Circle Optics is headquartered in Rochester, New York, the epicenter of innovation in optics. Rochester Institute of Technology and University of Rochester both have incredible programs in optics and imaging. We love the synergy among the schools and especially working with talented and dynamic students.
We wish Benjamin Margulies a great semester and look forward to seeing his evolving contribution to optics and imagining.
We have a team built on know-how / synergy / innovation. Benjamin Margulies, University of Rochester Intern, was a great addition to our dynamic team of imaging and optic expertise.
“Ben came to us ready to make a positive impact on, and contribute to, Circle Optics’ engineering efforts. He was able to grasp our opto-mechanical challenges and join in on the use of complex optical alignment equipment and fixturing. This afforded him the ability to make well-thought-through suggestions for improvements. His abilities go beyond the academics, with practical experience and skills such as mechanical aptitude and dexterity. We could leave him alone with confidence in the work he would do. I appreciated Ben’s sincerity as a person and team member. Jokingly, Ben asks, ‘What are you going to do without me?’ Well, we’ll just call him.” – Mechanical Engineer Bob Stanchus.
Diving Deep into Optical Engineering: My Journey with the Hydra II System
When I look back at my time spent diving into the realms of optical engineering, two significant projects emerge from the mosaic of experiences: building the Hydra II channels and embarking on an Entrance Pupil (EP) study of the Hydra II system.
Building Hydra II Channels with a Twist
The journey of constructing the Hydra II channels was one that saw us traversing from Monroe Community College to University of Rochester, and finally finding our way back to NextCorps. This wasn’t just another project for me. It was a voyage, a culmination of my collaboration with Mechanical Engineers Cody Hatch and Bob Stanchus. The significance of our work can’t be emphasized enough, as it played a pivotal role in shaping the Hydra II system.
Oh, and did I mention the fun side of it? Not many can claim to have a college memory of getting paid in beer for building cameras, but thanks to Circle Optics Founder & CEO Zak Niazi.
Entrance Pupil Study: A Blend of Theory and Practice
The EP study was another cornerstone of my exploration into optical systems. Split between intricate computer modeling and practical lab experiments, this endeavor opened my eyes to the magic of geometrical optics. Through this study, I was able to validate crucial properties of the low parallax solution.
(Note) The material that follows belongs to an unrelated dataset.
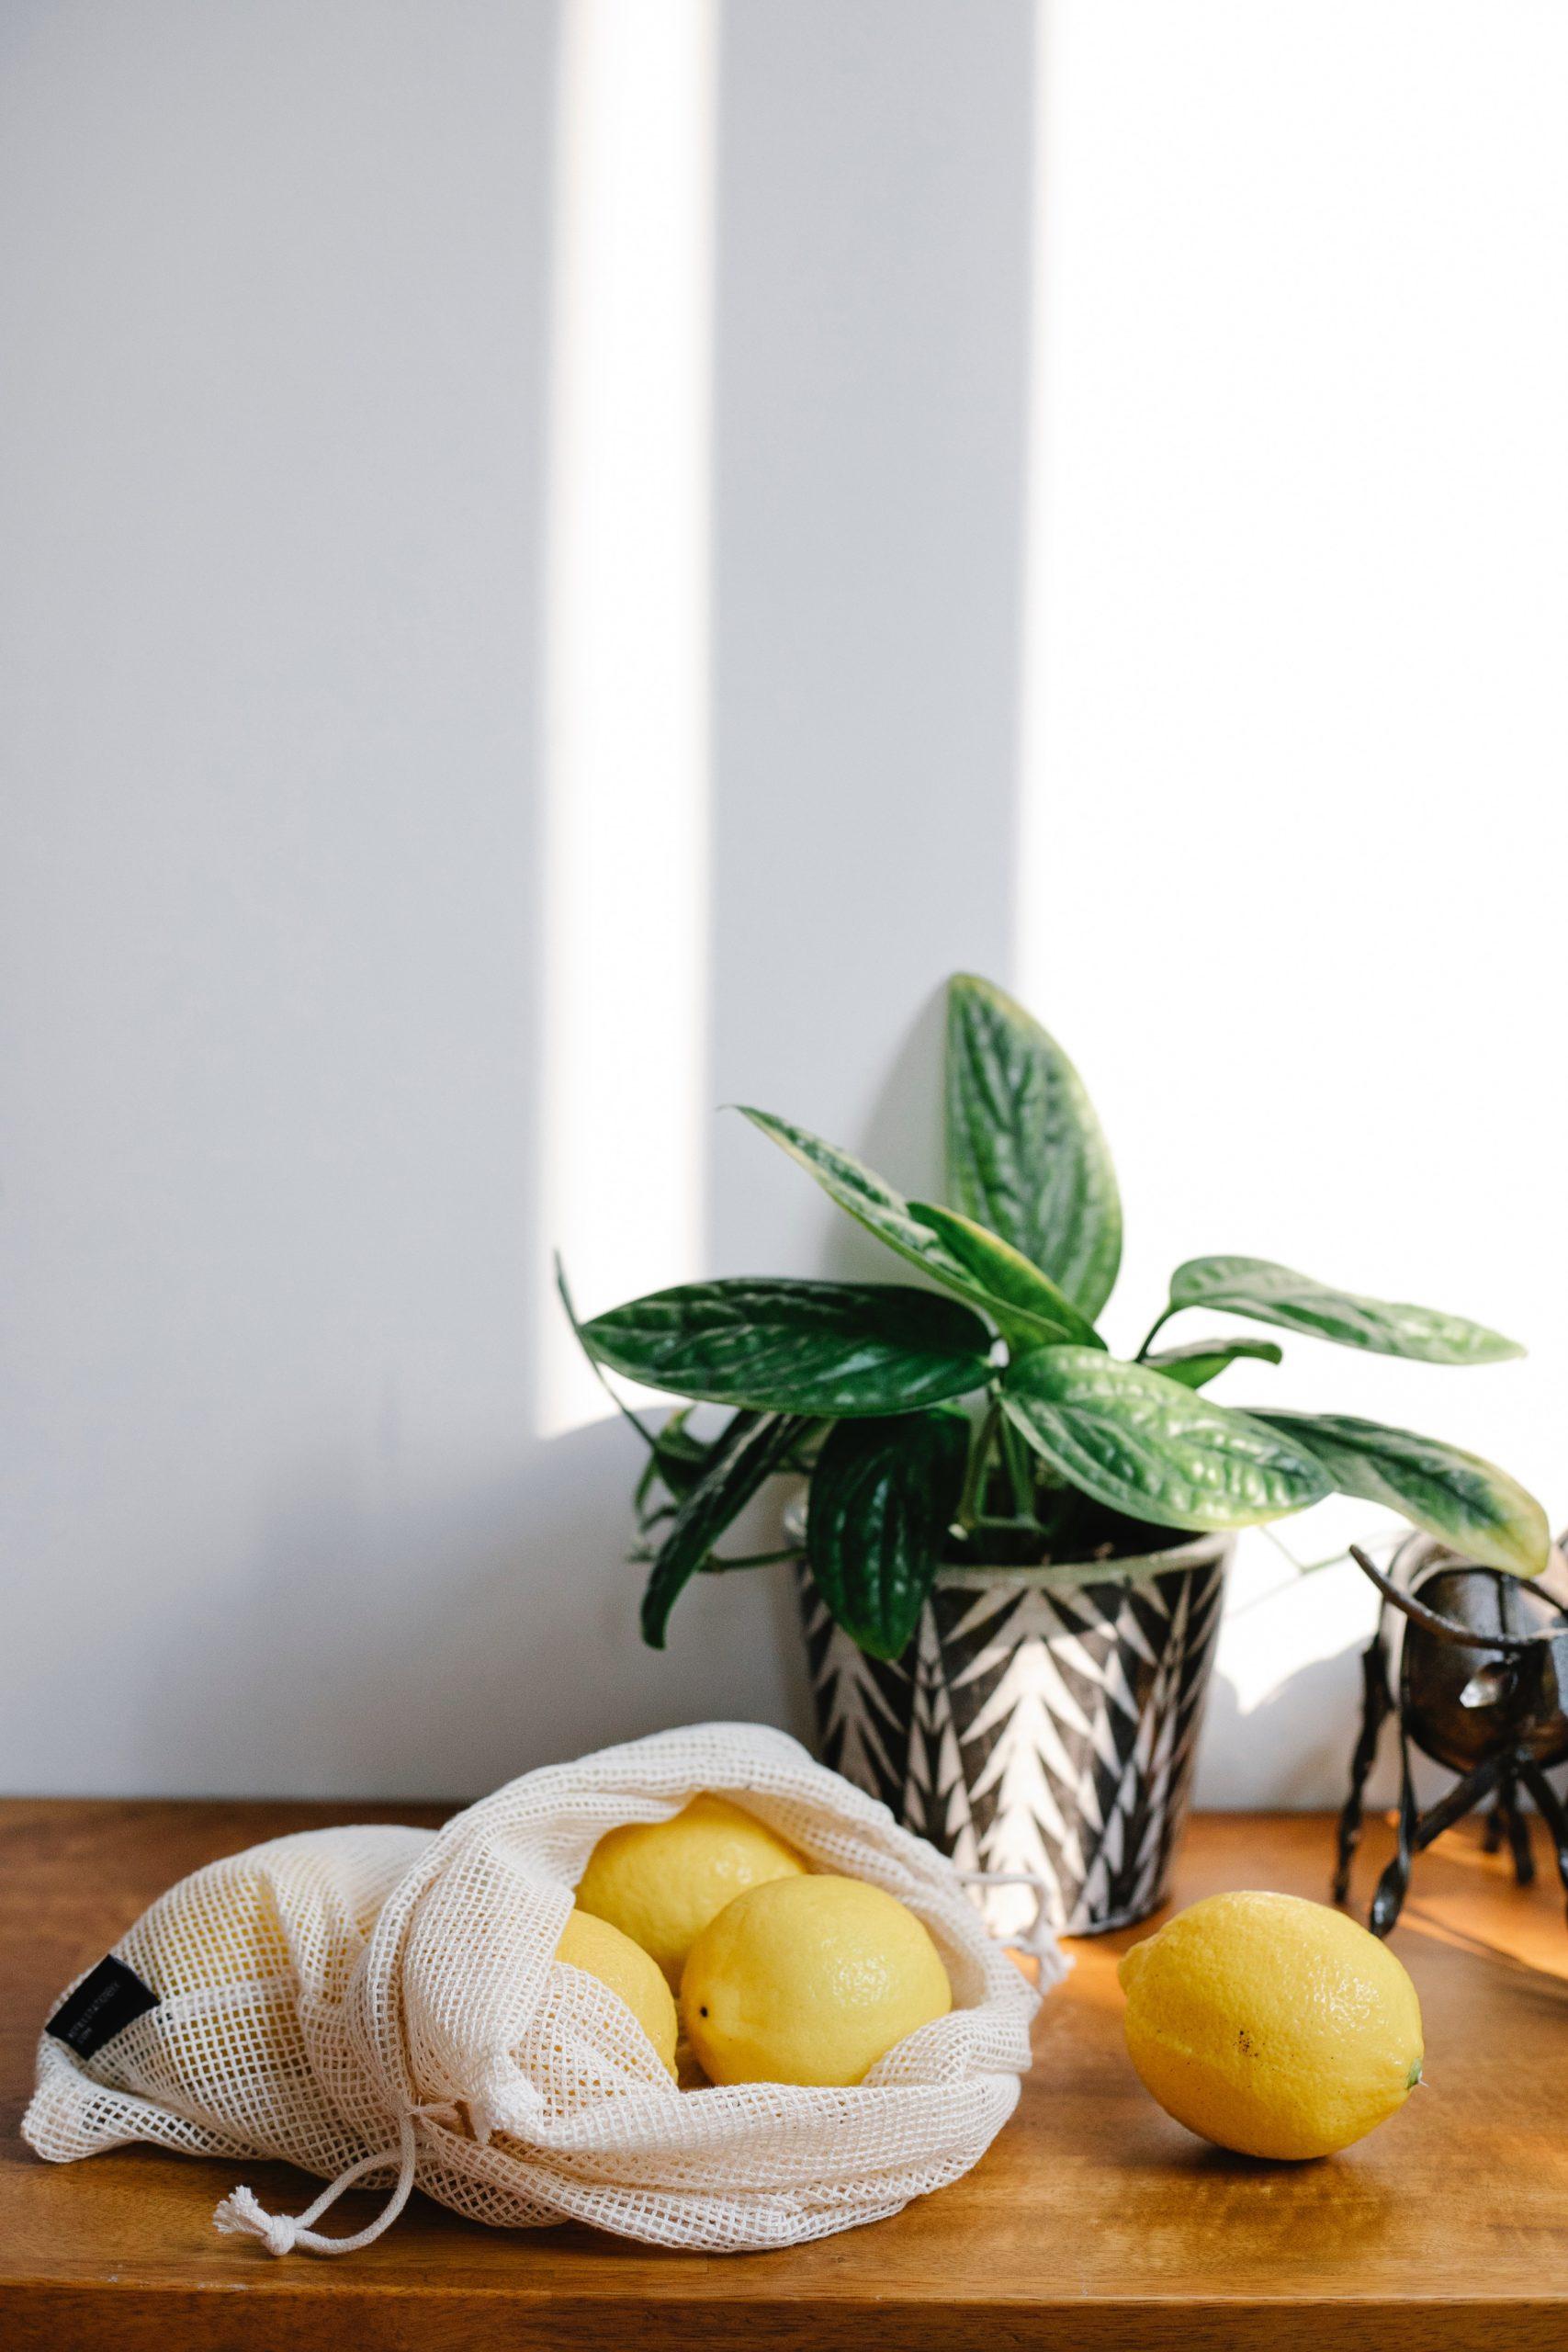 reusable produce bag with lemons

Circle Optics: A Learning Curve
While my academic pursuits have been enriching, it was during my time with the team at Circle Optics that I got a holistic view of the industry. Here, I learned about the revolutionary solutions Circle Optics is introducing to the optical market. From understanding the intricacies of building the Hydra II channels to diving deep into the unique properties of the entrance pupil and parallax, every moment spent here added a layer to my foundation in optical engineering.
My Academic Aspirations
Currently, I’m immersing myself in the world of Optical Engineering at the University of Rochester. My eyes are set on achieving a Bachelor’s degree, followed by a Master’s. As I navigate through these academic waters, my overarching goal remains to be at the forefront of optical technologies, shaping the innovations that redefine our relationship with imaging.